I recently read the book "Overcoming Depersonalization". There was nothing new that they said with regards to DP that I haven't already heard from ppl on this site and other books on DP, but the main point they try to convey is that fighting it makes it worse and the only way to "recover" is to just move on. I think that as hard it is to just surrender to the condition we are in, it makes the most sense to me. Most ppl will agree that meds and doctors hardly make a difference to the treatment of DP. After months of DP I eventually had the courage to accept that I may have this shit for a while which I think is an important step in reintegrating urself back into "normal life". Even though we can't get the things we used to get out of life before DP, fuck it! We are all still alive! Even if there seems to be no point in doing anything, fuck it! Just do something with urself, anything to tell ur brain that u are here to stay and that ur not willing to give up on life! It's like the few ppl who have cancer and decide to just continue living a normal life despite the fact that they could die at any moment. What else can we do? Even if I'm 80 yrs old with DP, it's still like "FUCK YOU DP, I'M STILL HERE YOU BASTARD!". Anyway that's my input after trial and error for the past 8 months.

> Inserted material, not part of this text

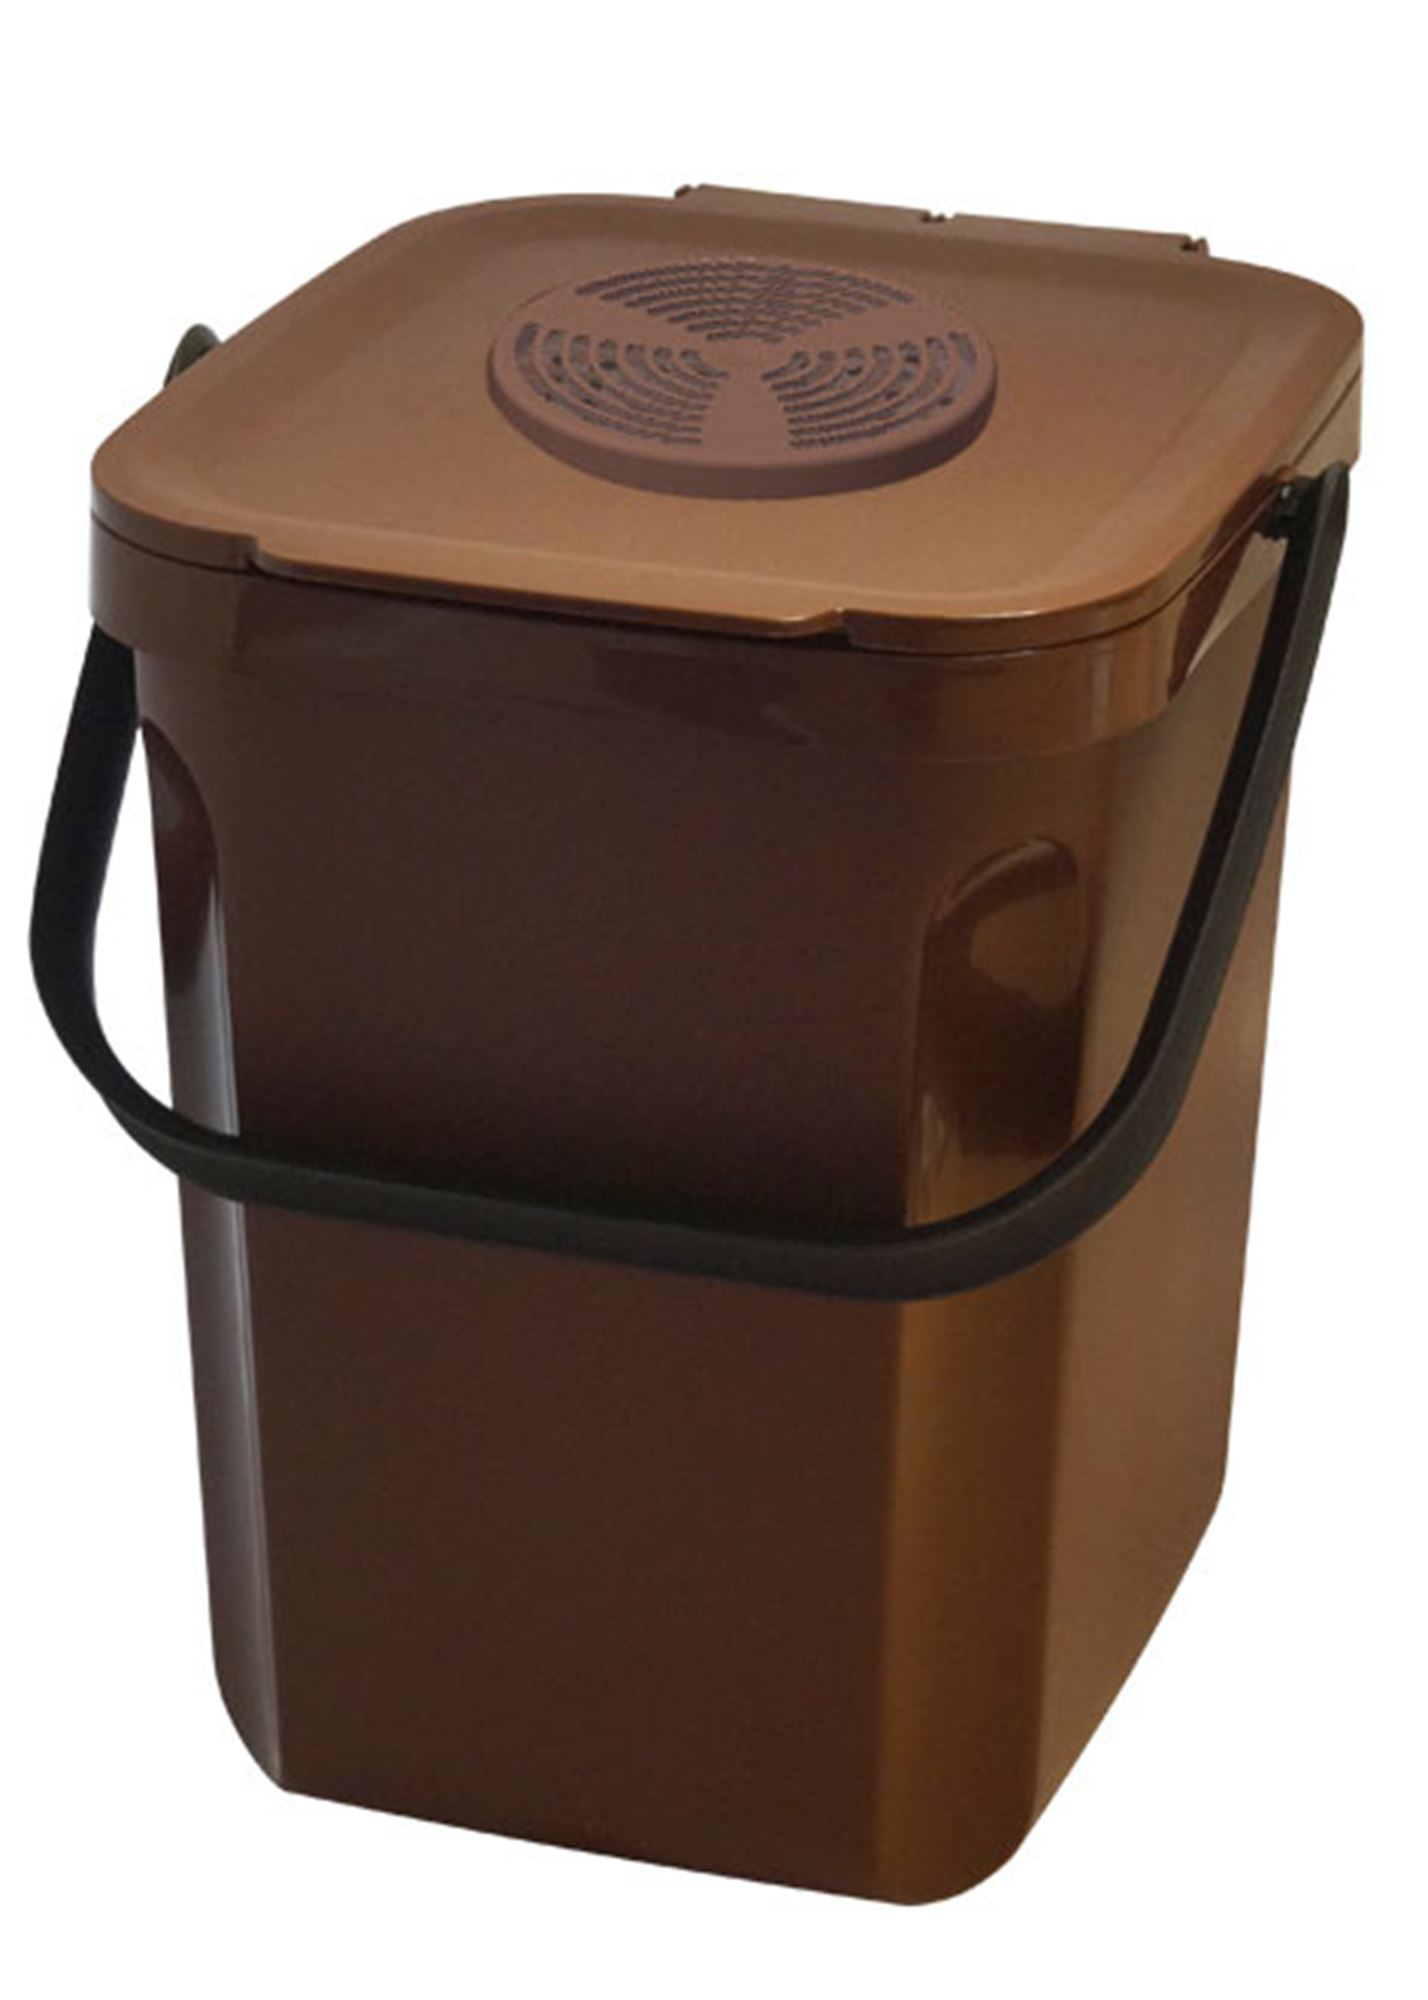 Composteur, bac, poubelle à compost de cuisine - 5 L - Inox
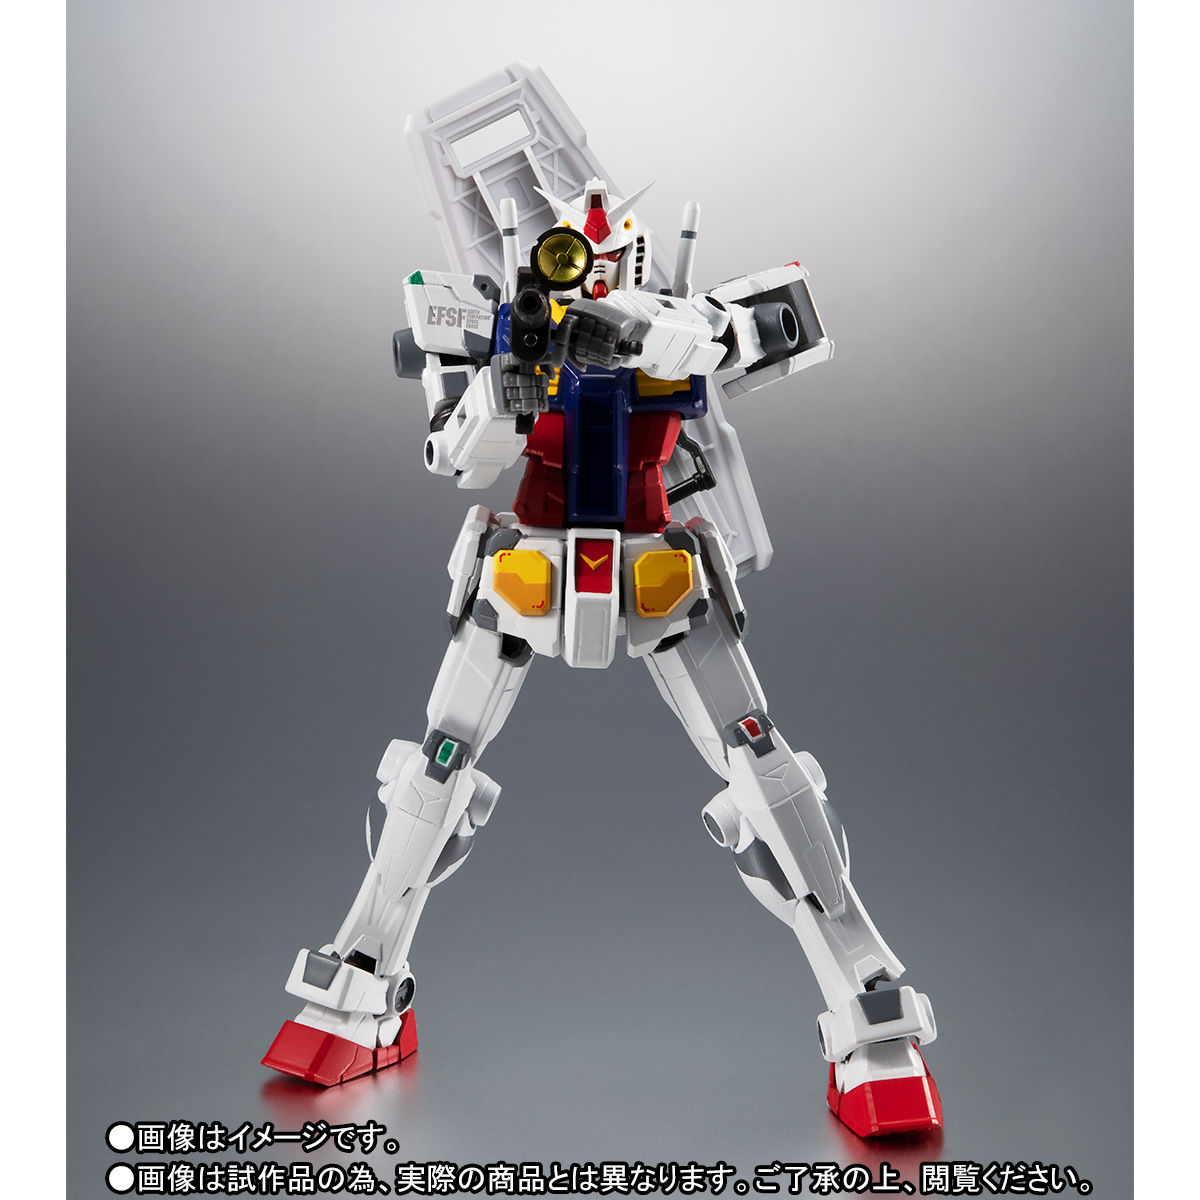 【限定販売】ROBOT魂〈SIDE MS〉『RX-78F00 ガンダム』可動フィギュア-006

P.S. Fight Club has a lot of good life lessons, even though it is meant to be a black comedy lol. DP is like Tyler Durden pointing a gun at ur head and saying "The question RAYMOND! was what do u want to do with ur life!"

Thanks for the post surfs. Peace


----------



## PhoenixDown (Mar 3, 2011)

*Even if I'm 80 yrs old with DP, it's still like "FUCK YOU DP, I'M STILL HERE YOU BASTARD!". *

Epic.


----------



## colors (Mar 9, 2008)

I believe the only way out of dp/dr is understanding what preceded it and what fueled it and continues to fuel it. We know in a large percentage of cases that it usually follows negative emotional states, stress and drug use. We know that it is dissociative and that is its main driving force. Something has obviously changed in the brain chemically - its like one part is in sleep mode and one part is completely hyperactive. This is a very confusing state to be in. And I might add that until you "recover/feel like yourself again" your memory is greatly impeded (short, and long-term), as you are all aware - which makes recovery hard as you can't remember half the stuff you've been reading or even doing. You need to develop qualities within yourself that counter-act or balance dp/dr (its opposites). This would include qualities such as focus, concentration, mindfulness, relaxation, even courage. Actually make it a goal and make it happen. *Nothing worth anything of value comes for free (internally or externally), whether your a person with or without dp/dr*. You have to take your recovery seriously. This is a generalization and my opinion - but your not going to get any better continuing to drink alcohol, smoking, eating "ok" food, going to bed late, talking to some negative waffle or people that drag you down/stress you out whos opinions don't matter anyway, or caring about what other people think. In the end its all about about stress. The stress that created this, and the stress it creates. In my case my nervous system was screaming for a break and a little attention. You need to bring yourself back to the present moment again and again and again and again (i.e being/feeling in your body and current environment, know whats going on in and around you). Thats why its so hard to feel with this, because the mind/body connection has just been completely f*cked, and its so hard to realise because you cant FEEL how you use to or what it was like, and this causes more stress which continues the cycle. *You have to become your own best ally in beating this thing. Its not a matter of what you do, its a matter of what you dont do.* Just a bit of a late night rant anyway, later.

cheers, colors


----------



## PhoenixDown (Mar 3, 2011)

I honestly believe we are just fucked. It is not 100% certain but if I had to put my life savings on it, I would bet on being DPd for life. Who am I kidding man, I think being in denial about this situation is worse for it. I mean, do everything you possibily can - the post previous by _colors_ is great advice.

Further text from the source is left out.